Long time since I’ve posted on this blog. So, planned to write on a small topic – string interns.
If you are a Java programmer, you already know that strings are immutable. Also, all string literals are interened in Java. That means no literal is duplicated.
String s1 = "satya";
String s2 = "satya";
In the above code snippet, both s1 and s2 have reference to the same object, which is a string in the string table (pool) that JVM maintains.
String s1 = new String("satya");
String s2 = new String("satya");
In the above code snippet, s1 and s2 have reference to different objects because they are not literals.
In the firt case (literals), if you need to compare s1 and s2, just s1==s2 would suffice because both refer to the same object.

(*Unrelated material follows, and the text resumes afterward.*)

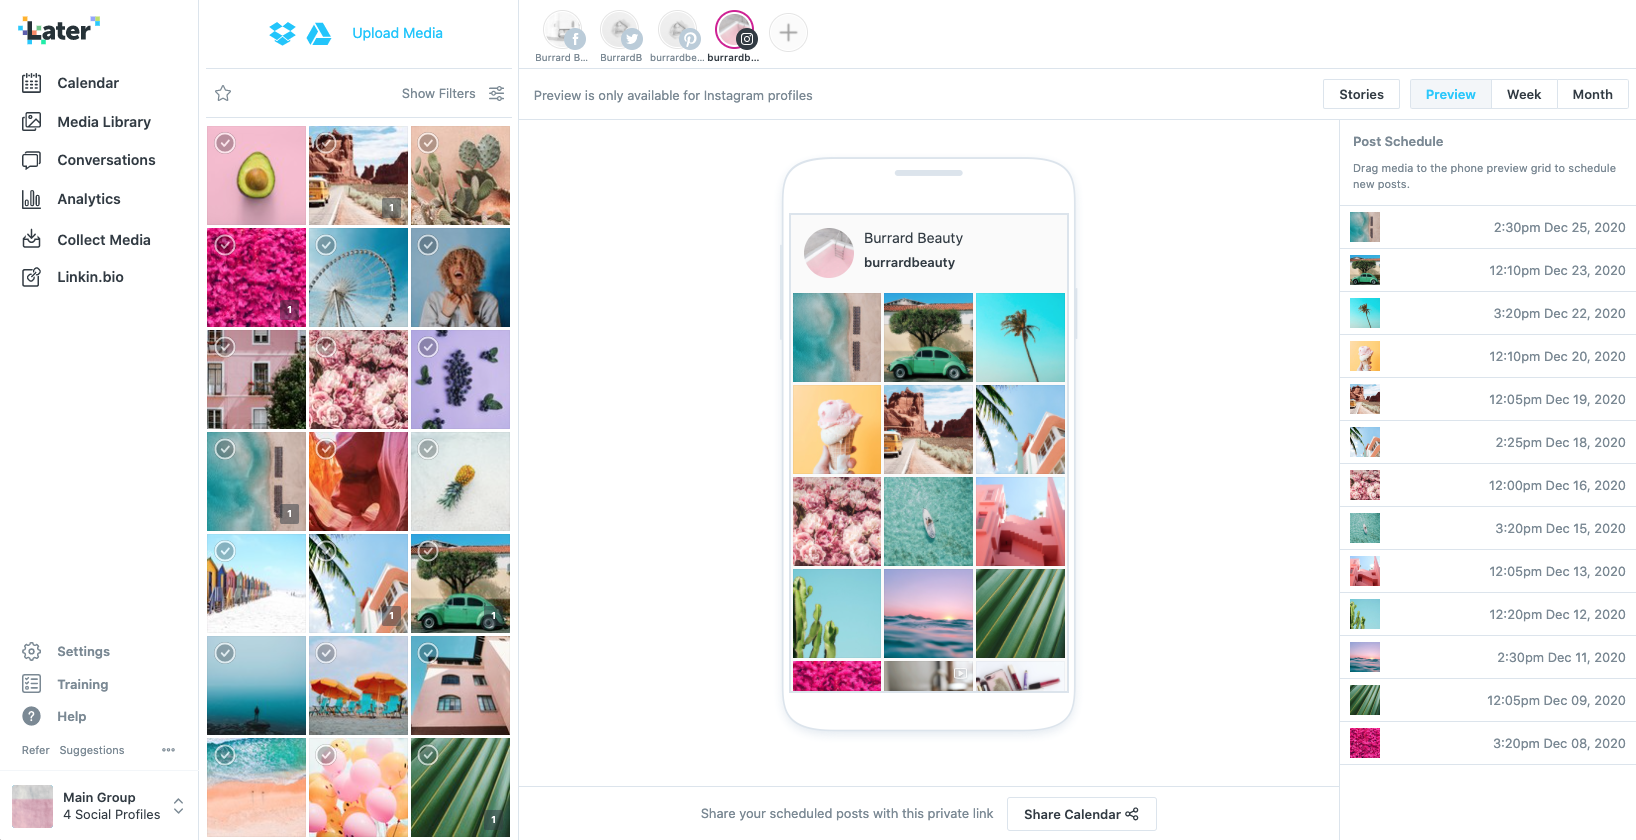 Screenshot of the Later app showcasing the Visual Instagram Planner

This is much faster than s1.equals(s2).
What if you want to compare all the strings in your application with == instead of String.equals()?
What you need to do is:
String s1 = new String("satya").intern();
String s2 = new String("satya").intern();
String.intern() would push the string to string table if it’s not already present, otherwise return the existing equivalent string which is in string table. By calling intern() on each and every string that’s created in your application, you can safely use == instead of String.equals() on strings. But is this approach good? Definetely not in all cases.

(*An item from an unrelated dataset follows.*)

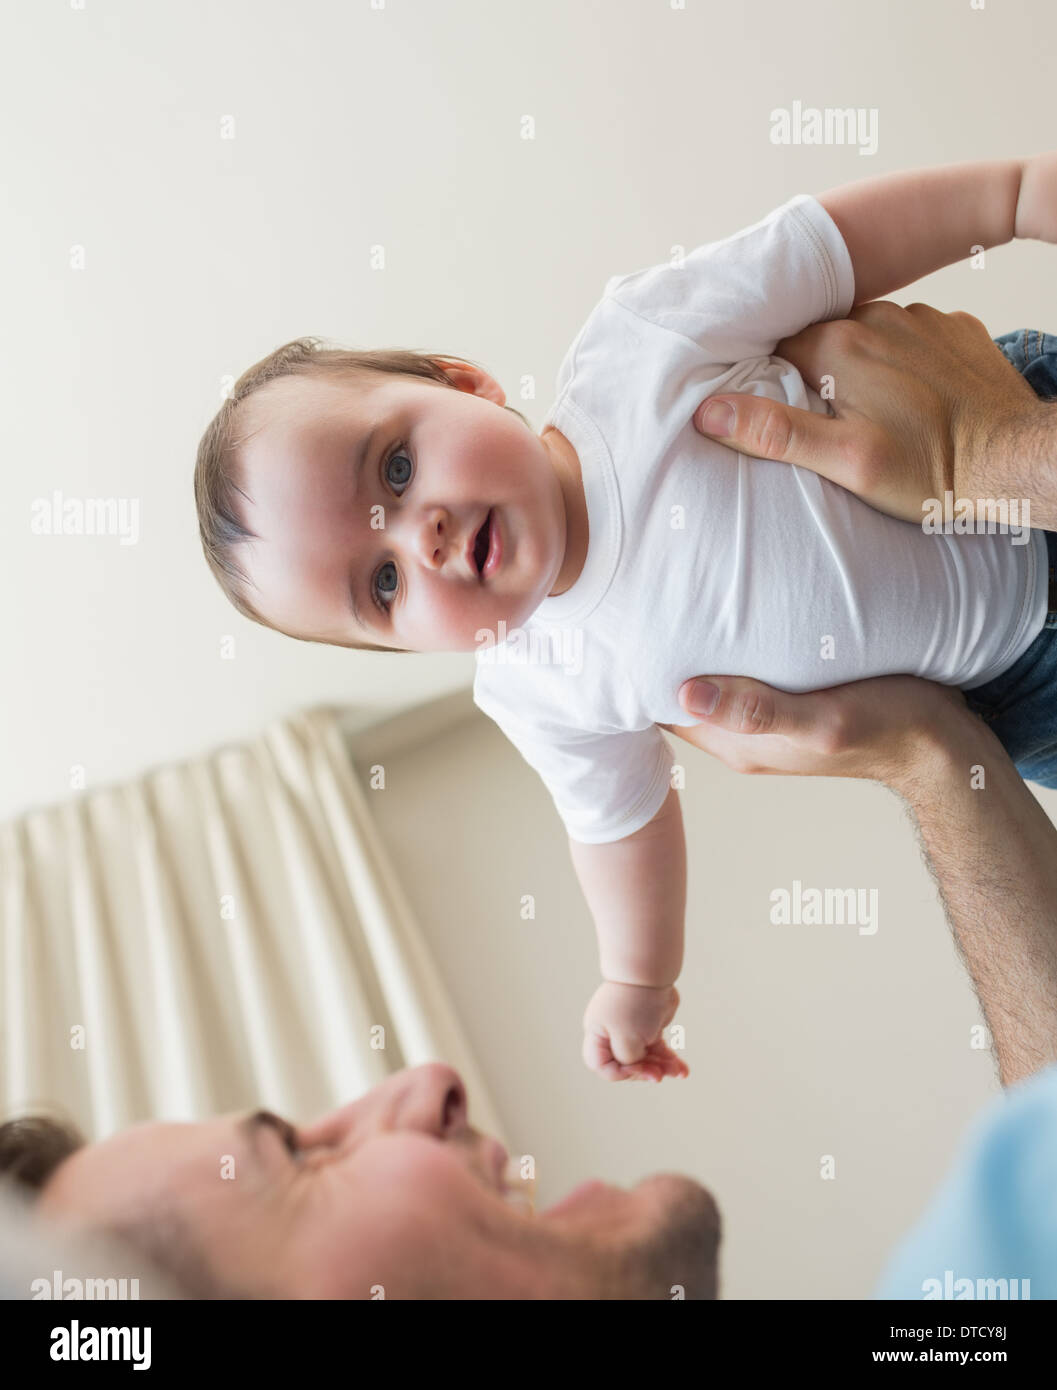 Adorable baby being carried by father Stock Photo

The obvious dangers with intern() are:
- Each time you call intern(), it has to look up for an equivalent string in string table.
- intern() might be costlier than equals()
- equals() might be infrequently used compared to intern() in your application.
The only case where intern can help you is: when your application has a small set (few hundreds) of highly repeating strings (one string repeated a million times in different objects) and those strings are created in run-time. In this case, you can call intern on all the strings that you create in run time. This would give the reference to a string from the string pool and when you want to compare two strings (with in that set), you can use == instread of .equals()
This strictly depends on how many different strings you are going to intern, for, all interned strings are pushed to string table, and this table is present in permanent generation of JVM. When you start pushing too many strings into permanent generation, this gets full and a full gc is triggered, which is exactly not what you want if your application has a response time SLA.
So, in this case, you would save a lot of memory and can stop multiple strings with same content from getting promoted to tenure generation. And remember a string has a good amount of overhead due to the fields that it maintains. So, if you think “satya” is 5 bytes – you are clean bowled; if you thing “satya” is 10 bytes – you are stumped. Just look at the fields in String class to know what’s the real size. (4 for size, 4 for hash code, 4 for offset, and 16 for array? and 8 or 4 for the object depending on jvm architecture)
So, if you have small set of repeating strings, intern them. (when optimizing for memory)
Hope that helps!